This is a place to play around with some project layouts for audio streaming servers that provide bidirectional streaming interface to some CPU bound model.
Currently very WIP. If you come back later this might be more fleshed out!
In world there are APIs where you stream audio or some continuous data into them and insights about said data are streamed out. I've had cause to do this a lot in my work and have people with less domain experience work on these systems as well. Often the audio processing is also computationally intensive such as speech AI.
So with this project I wanted to create something laid out in a clean manner which demonstrates numerous patterns and ways of designing such APIs in a way that they're testable, maintainable and hopefully performant.
In my background there's a few decisions to make. For processing the data via a model we have the decison on whether we:
- Process all of the incoming audio
- Detect segments of interest and process them (VAD/energy filtering)
For the first options there's also a choice on whether we can process segments concurrently or if the result from one segment needs to be applied to the future segment for various reasons i.e. smoothing/hiding seams generative outputs from the audio.
Enumerating these patterns and representing them all in the code is a WIP. Currently, I process everything and assume no relationship between utterances. DayJob™ may open source some packages soon that I can reuse for some things like filtering.
So far a server and a client to stream audio into it. The server just returns a count of bytes in the segment but I may add some more interesting non-filler functionality. The server also adds a blocking delay because neural network inferences are blocking and it can serve as a way of modelling how this impacts the performance of the async runtime.
Opentelemetry support is also included with trace propagation via websockets! This is tricky because javascript doesn't let you set HTTP headers with websocket requests so one approach APIs I've used have gone with is including a trace-id in the first message sent over the websocket. I have replicated this and handled the faffy-pain of trace propagation.
Tokio task metrics are now included for the main blocks in the streaming pipeline, as well as other metrics in a Prometheus compatible endpoint.

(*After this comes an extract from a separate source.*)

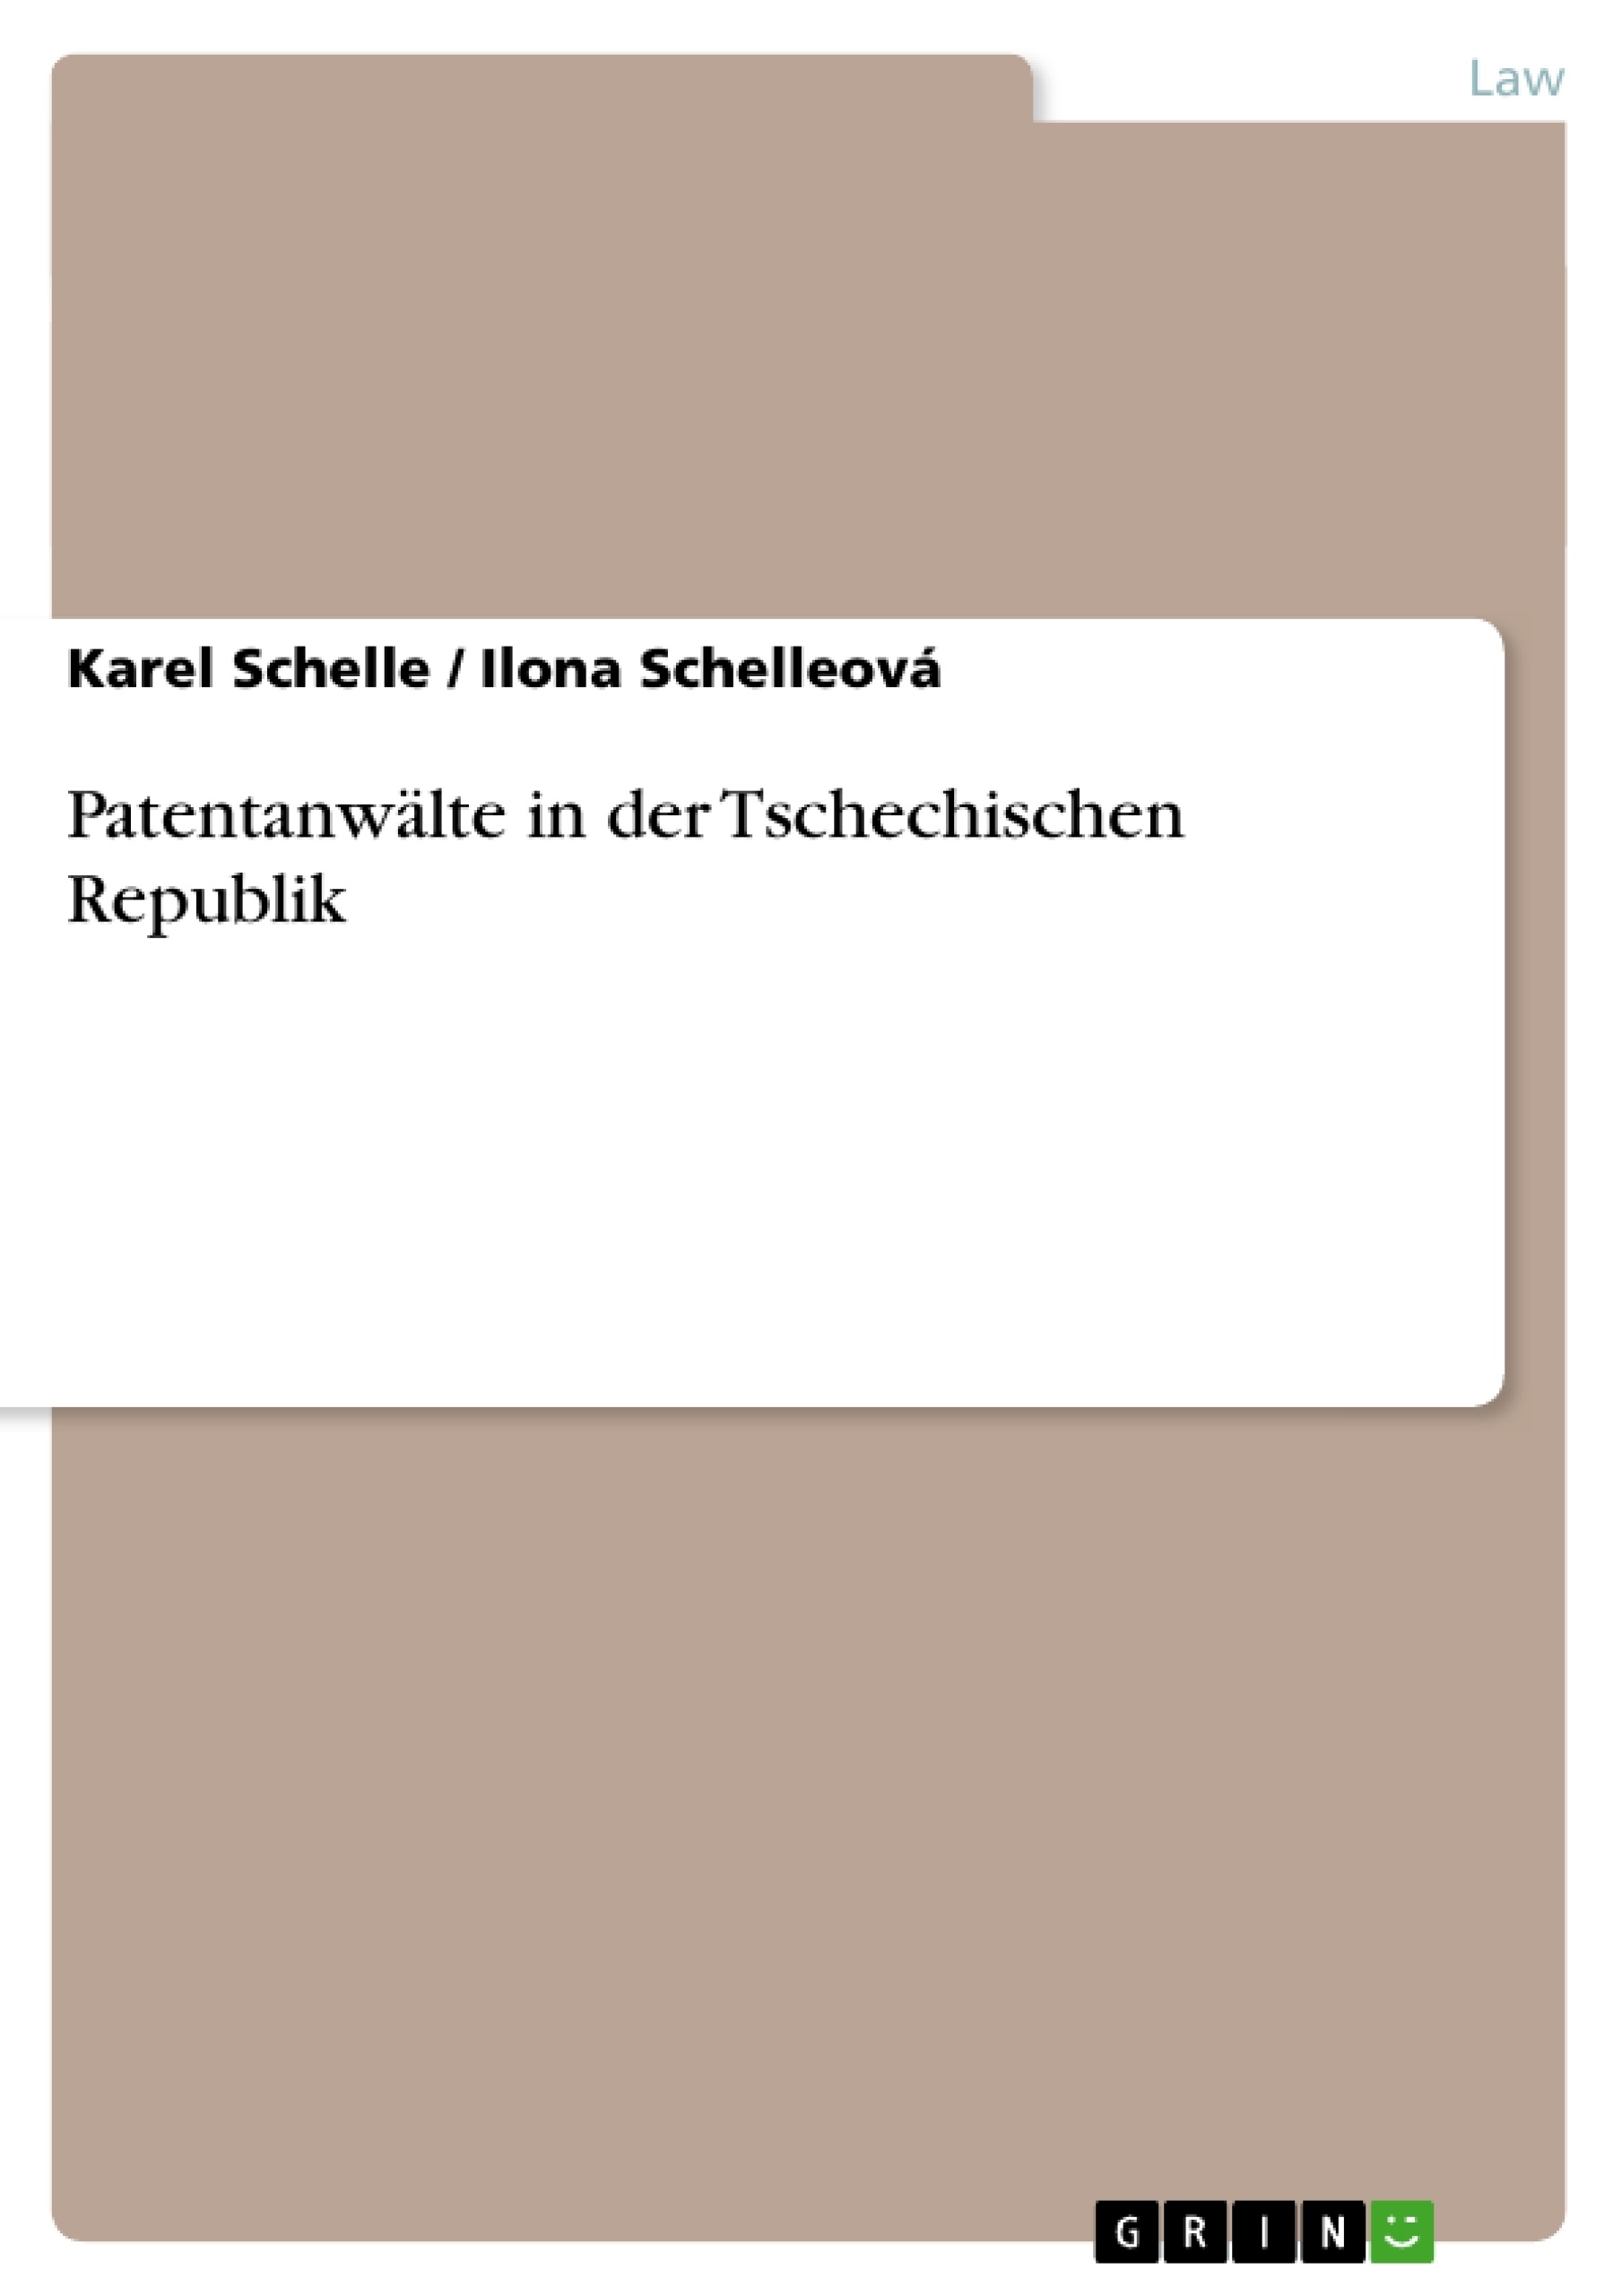 Título: Patentanwälte in der Tschechischen Republik

For simple running I provide a client and a server. You should be able to run the server with just:
cargo run --release
For the client you can run:
cargo run --release --bin client -- -i <WAVE FILE>
This will run as fast as possible via the VAD segmented API. If you want to split to the version that splits the audio into equal chunks and puts all audio through the model then:
cargo run --release --bin client -- -i <WAVE FILE> --addr ws://localhost:8080/api/v1/simple
Add --real-time
to get the client to throttle chunk sending to match real-time
and --interim-results
to get partial results.
For a more thorough server deployment look at the docker-compose and you'll get goodies like prometheus and opentelemetry for metrics and traces.
Look in the doc folder and you'll find the current published blog posts as well as any draft ones or ones held back because they're out of sequence. Anything not yet published may change significantly and be in a draft state, I wouldn't recommend reading it unless you're very desperate or fancy providing some feedback.
Current planned writeups:
- System introduction ✔️
- Streaming API design ✔️
- Audio Decoding ✔️
- The Model 🚧
- Creating an Axum API ❌
- Metrics for Streaming APIs 🚧
- Observability with Opentelemetry ❌
- Batching to improve async performance 🚧
- Testing Streaming Audio Systems ❌
- Implementing a gRPC API ❌
More things may appear as we get further and further on and I see more things where there's not a good existing knowledge base. I'm also open to suggestions on topics.